而此时,我们需要用扫描线进行进一步转化:左端点 \(i\) 从 \(p\) 向 \(l\) 扫描,维护 \(j=p+1..r\) 的答案。考虑 \(i\) 确定时,\(j\in(p,r]\) 形成的 \([i,j]\) 的权值有以下四种:
- 最小值、最大值在 \([i,p]\);
- 最小值在 \([i,p]\),最大值在 \((p,r]\);
- 最大值在 \([i,p]\),最小值在 \((p,r]\);
- 最小值、最大值在 \((p,r]\)。
简直和上面那题一模一样呢。发现贡献无非是左边的最小/最大值等形式的系数乘上右边相同形式的系数,询问时即求右边贡献的前缀和。可以用四科线段树维护四种类型的贡献。复杂度 \(\mathcal O((q+n\log n)\log n)\)。
Ummm... 有 \(\mathcal O(n\log n)\) 的做法,大概是只用扫描线,然后矩阵线段树维护历史和,见 祂的博客。
\(\mathcal{Code}\)
/*~Rainybunny~*/
#include <bits/stdc++.h>
#define rep( i, l, r ) for ( int i = l, rep##i = r; i <= rep##i; ++i )

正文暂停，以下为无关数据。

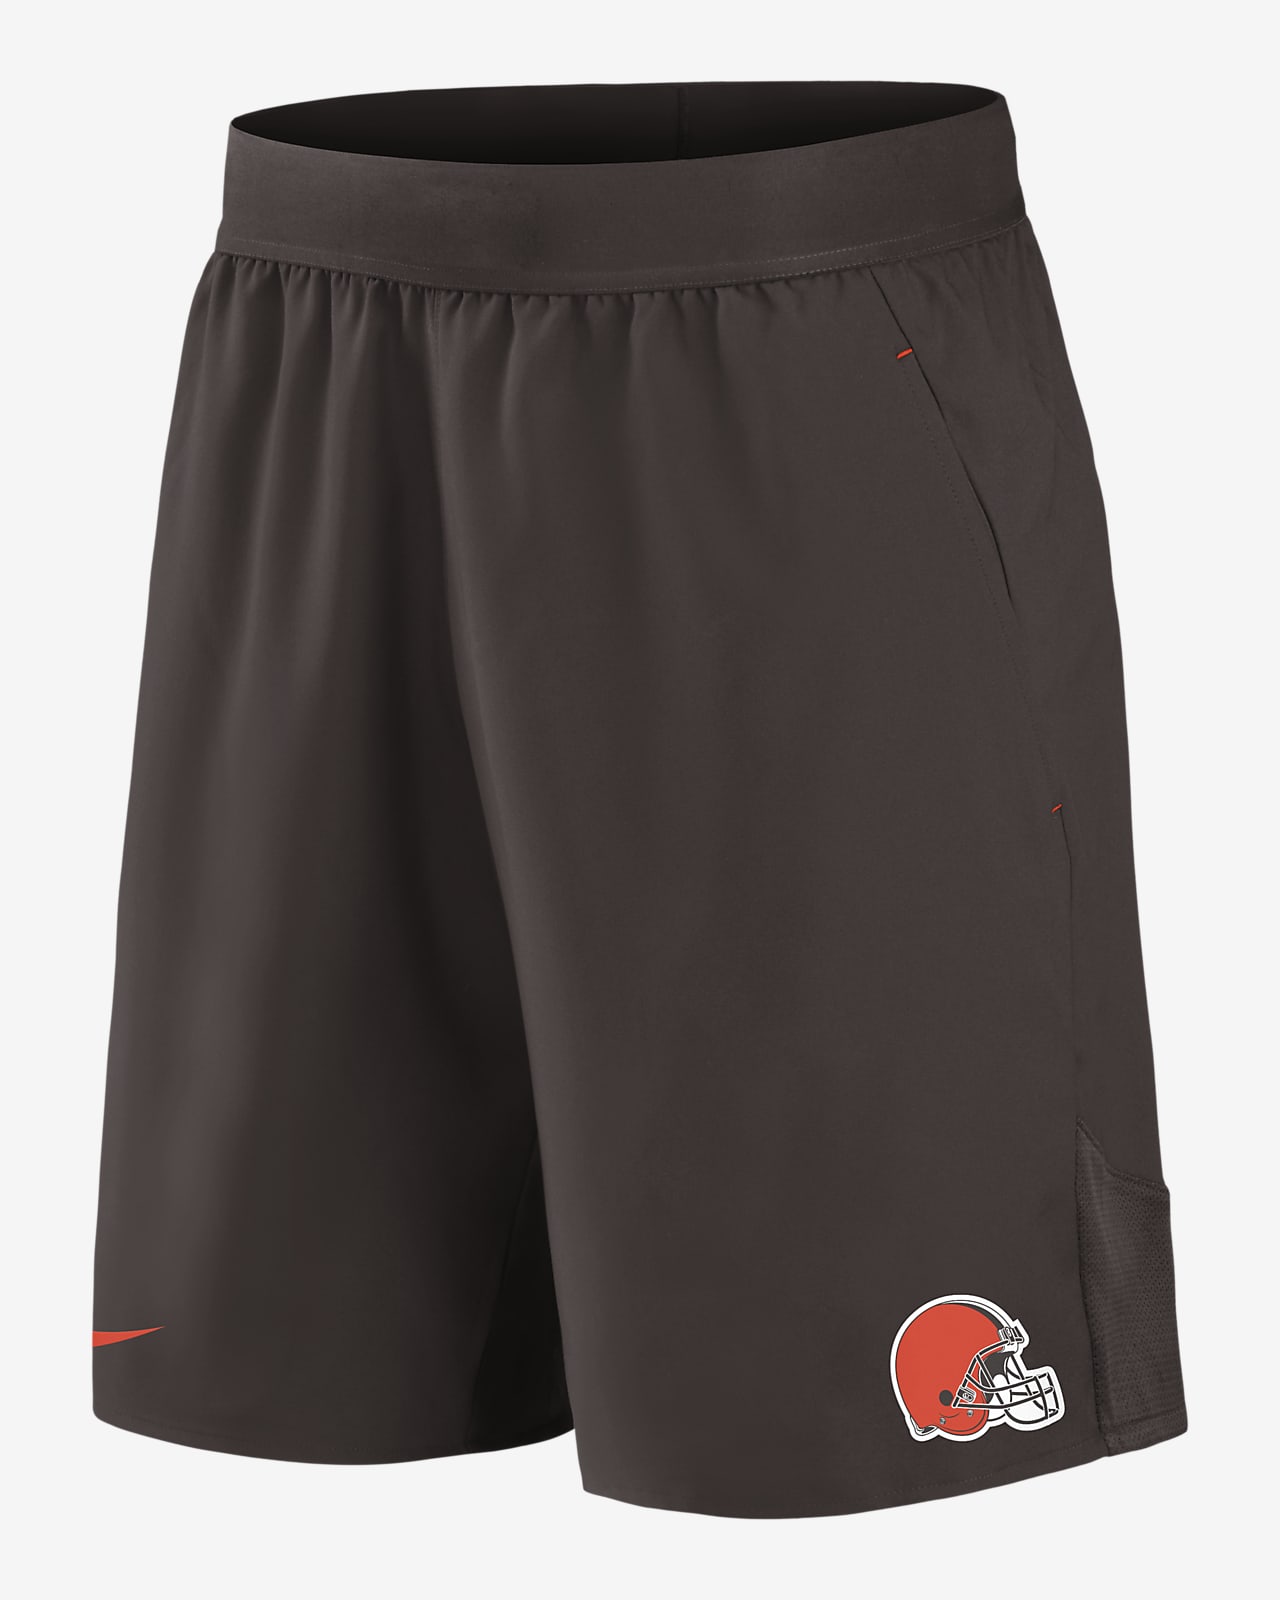 Nike Dri-FIT Stretch (NFL Cleveland Browns) Men's Shorts
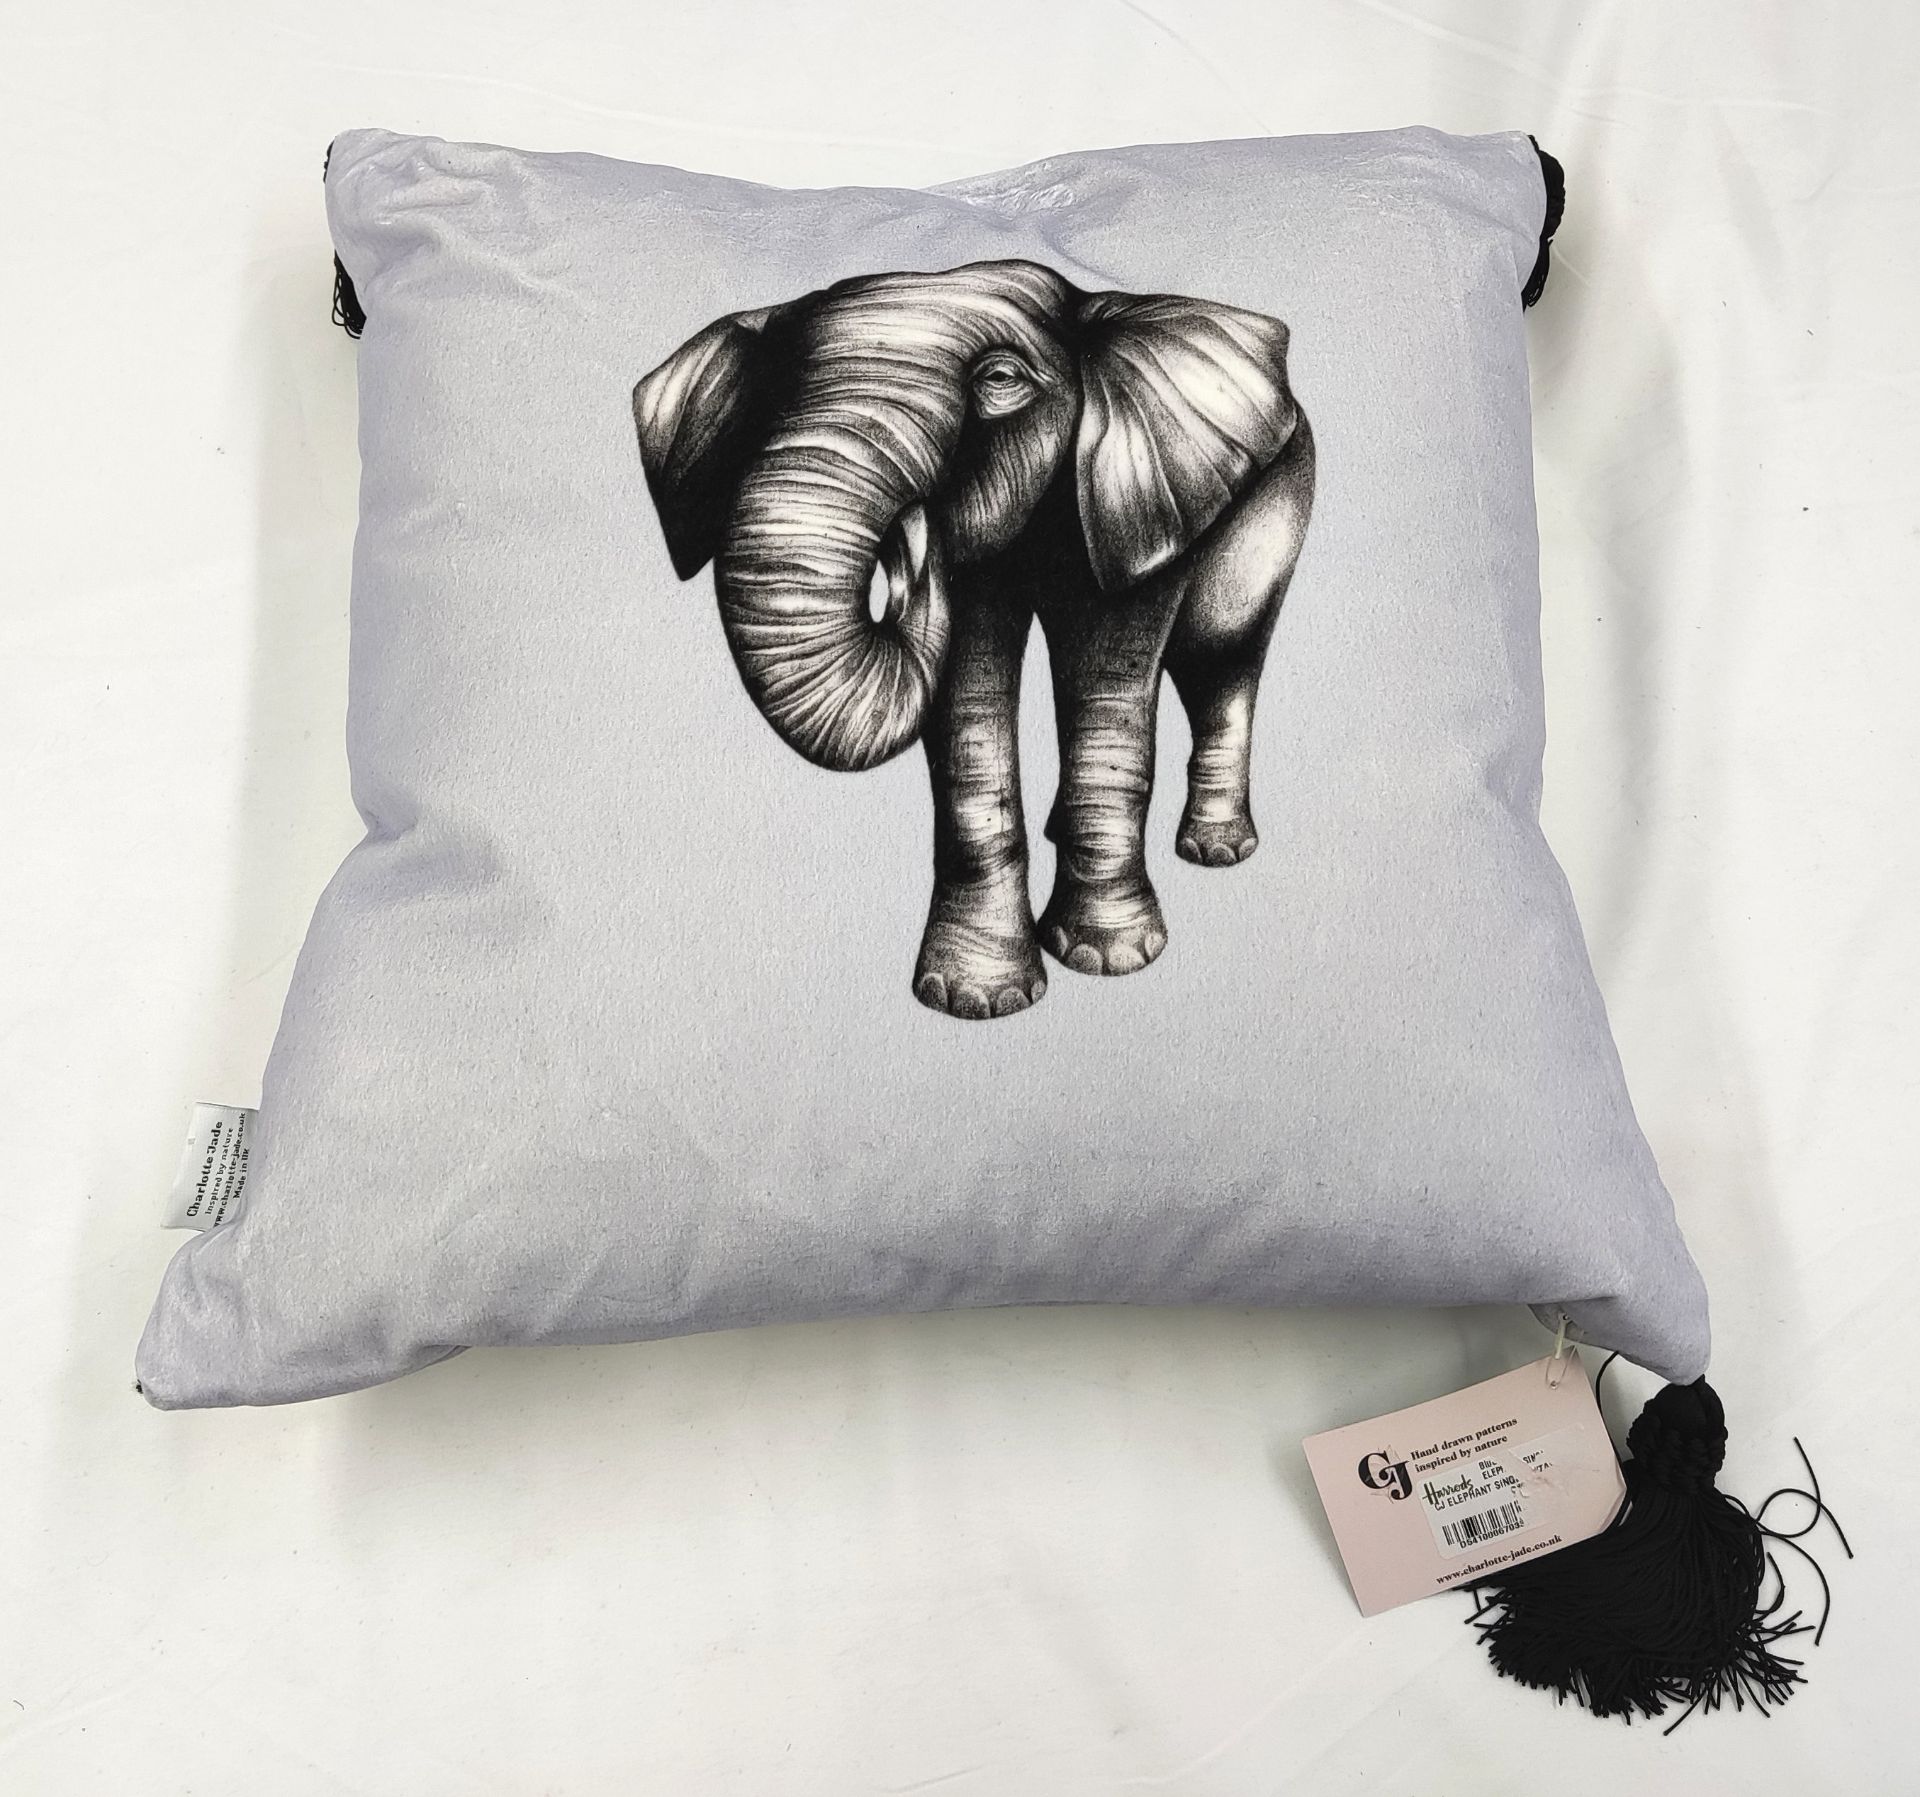 1 x CHARLOTTE JADE Velvet Elephant Cushion - Original RRP £170.00 - Image 5 of 15

#define per( i, r, l ) for ( int i = r, per##i = l; i >= per##i; --i )
inline char fgc() {
static char buf[1 << 17], *p = buf, *q = buf;
return p == q && ( q = buf + fread( p = buf, 1, 1 << 17, stdin ), p == q )
? EOF : *p++;
}
inline int rint() {
int x = 0, s = fgc();
for ( ; s < '0' || '9' < s; s = fgc() );
for ( ; '0' <= s && s <= '9'; s = fgc() ) x = x * 10 + ( s ^ '0' );
return x;
}
inline void wint( const int x ) {
if ( 9 < x ) wint( x / 10 );
putchar( x % 10 ^ '0' );
}
const int MAXN = 1e5, MOD = 1e9 + 7;
int n, q, a[MAXN + 5], ans[MAXN + 5];
inline int imin( const int u, const int v ) { return u < v ? u : v; }
inline int imax( const int u, const int v ) { return u < v ? v : u; }
inline int mul( const int u, const int v ) { return 1ll * u * v % MOD; }
inline int add( int u, const int v ) { return ( u += v ) < MOD ? u : u - MOD; }
inline void addeq( int& u, const int v ) { ( u += v ) >= MOD && ( u -= MOD ); }
struct Atom {
int l, r, id;
inline bool operator < ( const Atom& t ) const { return l < t.l; }
};
std::vector<Atom> qbuc[MAXN << 2];
int all[MAXN << 2];
inline void hang( const int u, const int l, const int r,
const int ql, const int qr, const int qid ) {
if ( ql <= l && r <= qr ) return qbuc[u].push_back( { l, r, qid } );
int mid = l + r >> 1;
if ( qr <= mid ) hang( u << 1, l, mid, ql, qr, qid );
else if ( mid < ql ) hang( u << 1 | 1, mid + 1, r, ql, qr, qid );
else {
qbuc[u].push_back( { ql, qr, qid } );
hang( u << 1, l, mid, ql, mid, qid );
hang( u << 1 | 1, mid + 1, r, mid + 1, qr, qid );
}
}
struct SegmentTree { // how to replace it with BIT?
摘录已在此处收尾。